WHAT YOU NEED TO DO ▸ The answer should hold only the lines from the one containing "Kayaking in Olkkajärvi in Lapland" through the one containing "camel near bench facing body of water" in the entries below, copied exactly, without pictures.

DATA PROVIDED ▸
'''

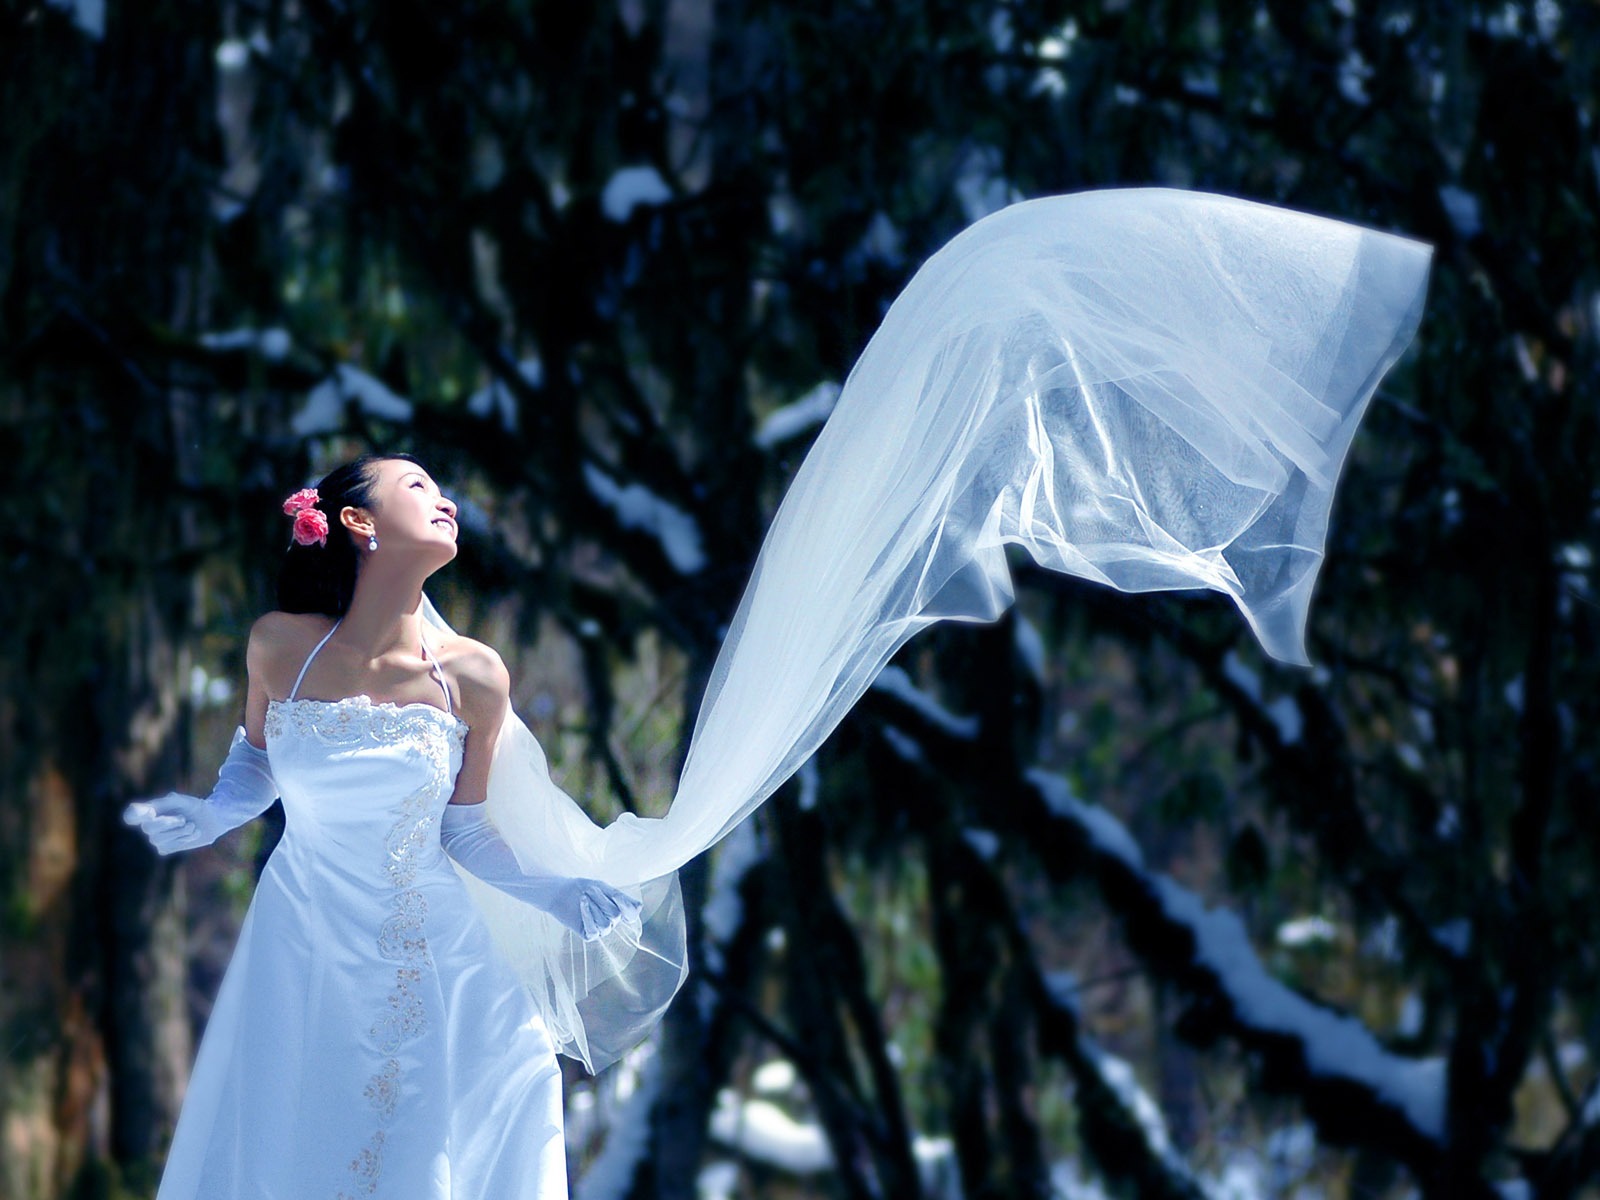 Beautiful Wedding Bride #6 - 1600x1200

'''
'''

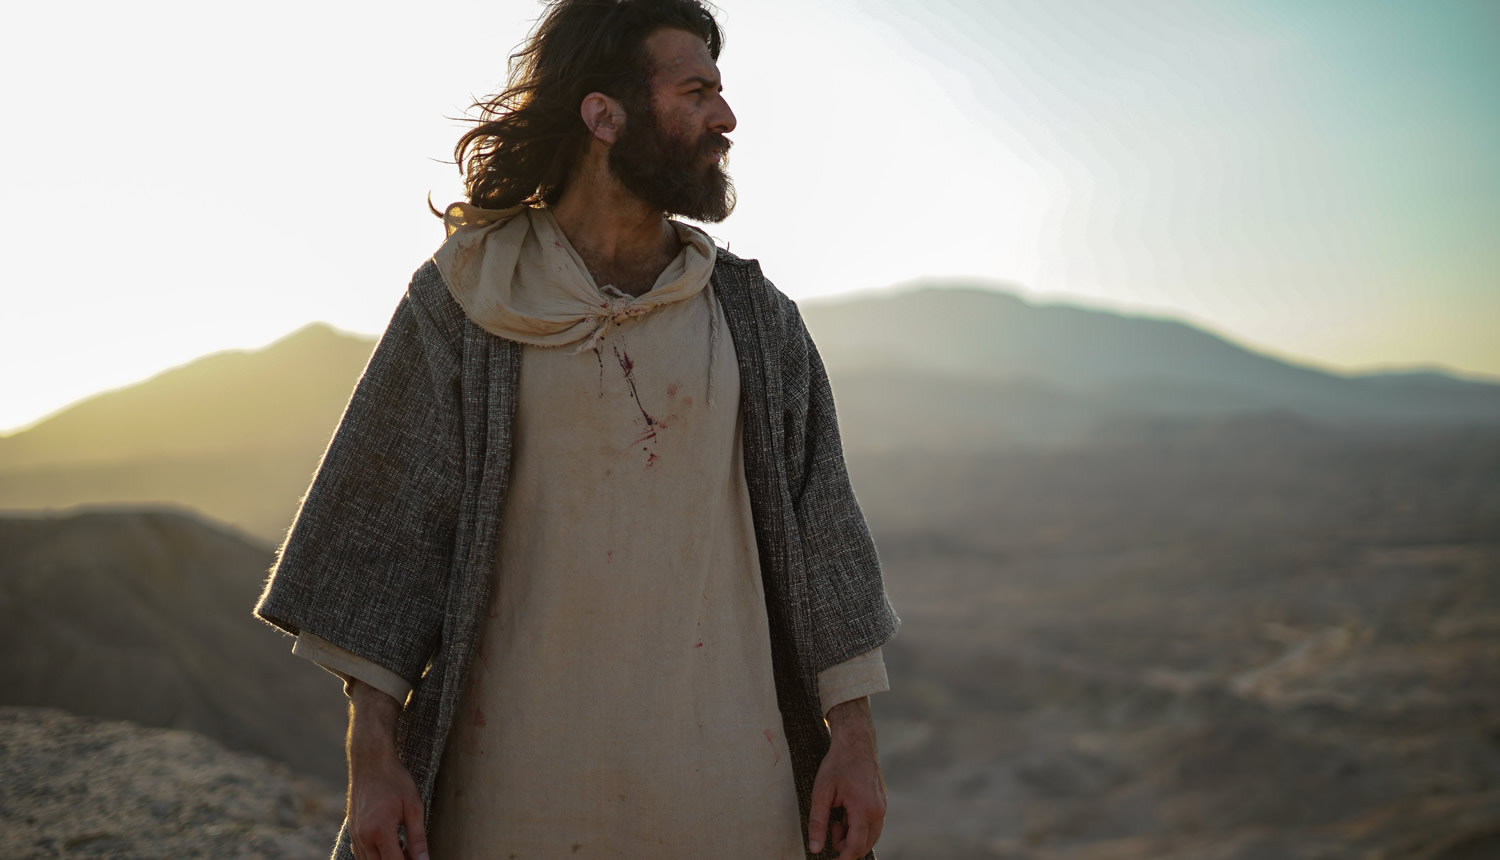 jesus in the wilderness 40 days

'''
'''

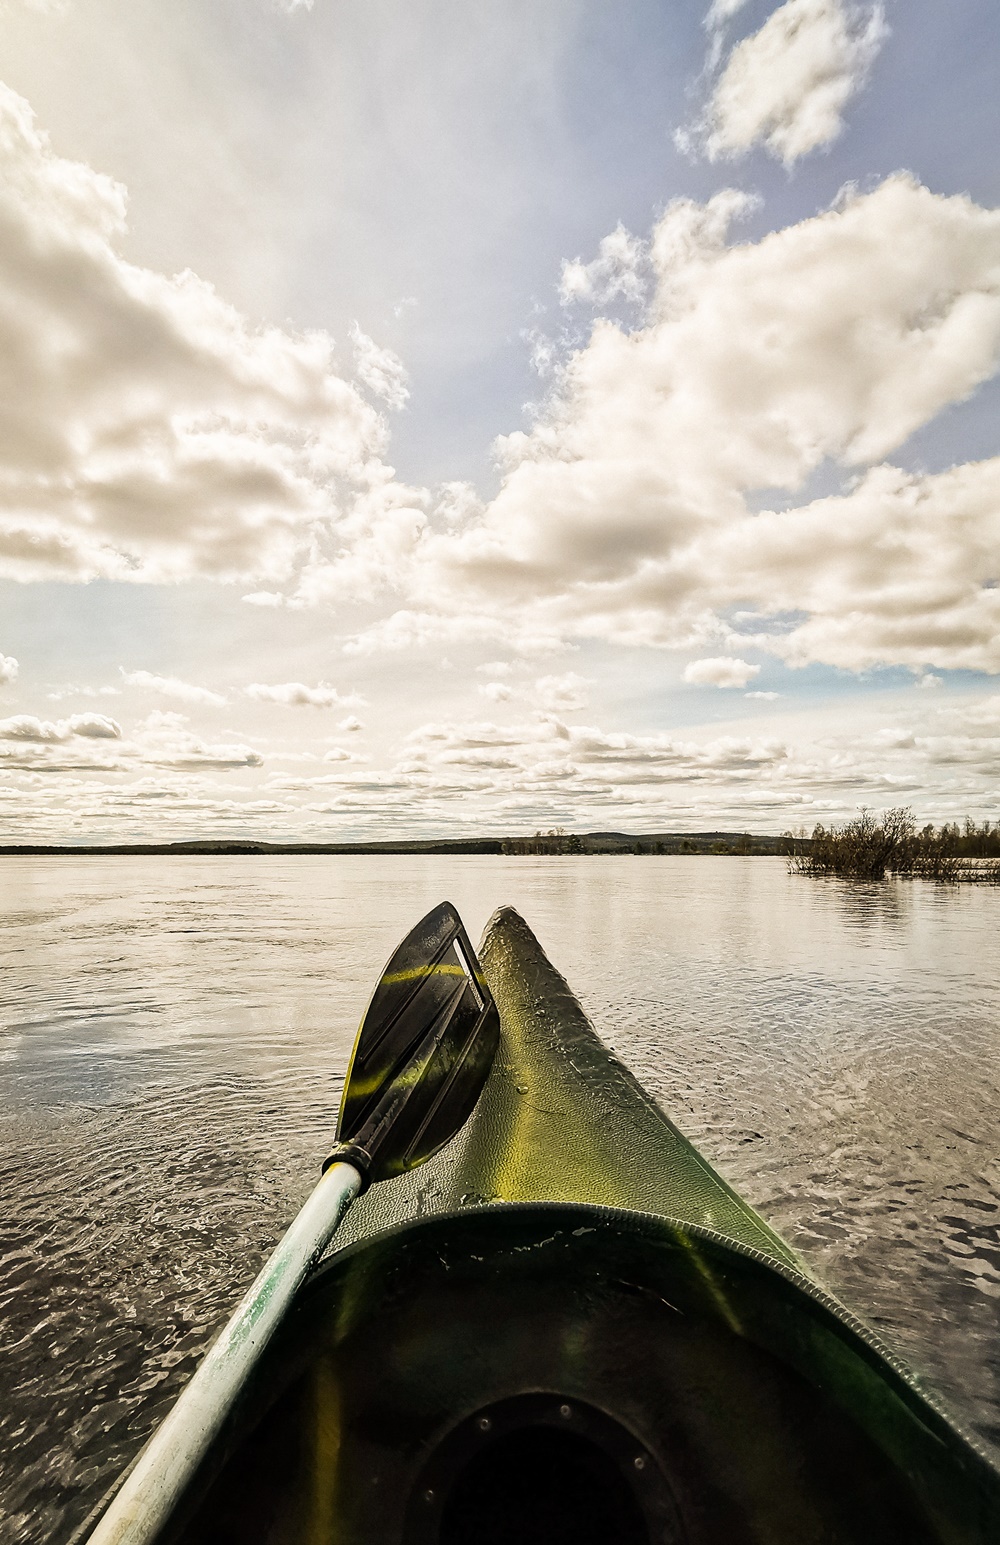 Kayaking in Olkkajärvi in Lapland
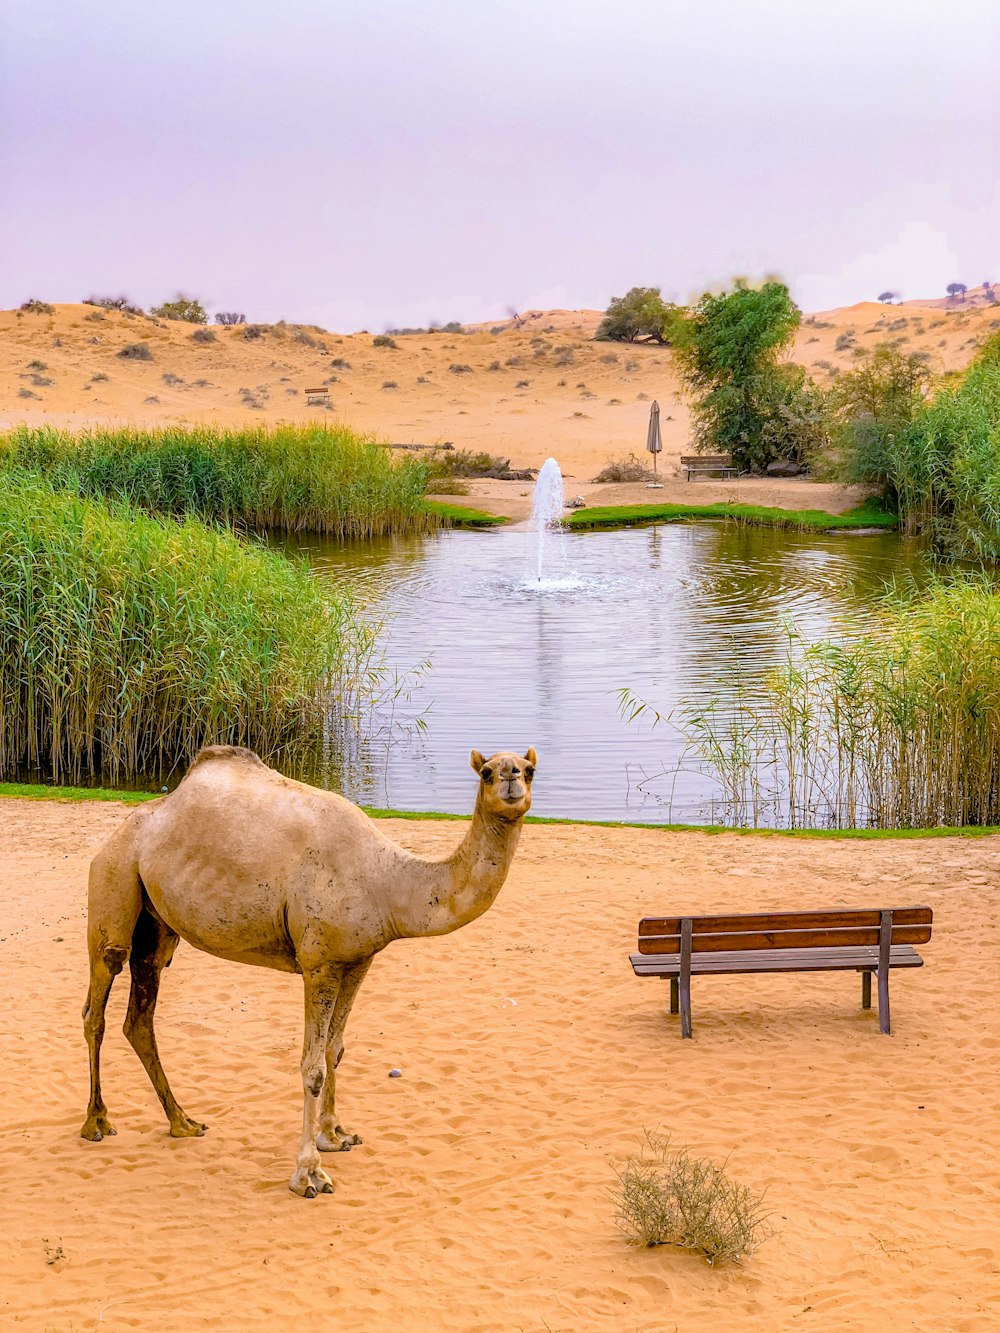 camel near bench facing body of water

'''

TASK OUTPUT ▸
 Kayaking in Olkkajärvi in Lapland
 camel near bench facing body of water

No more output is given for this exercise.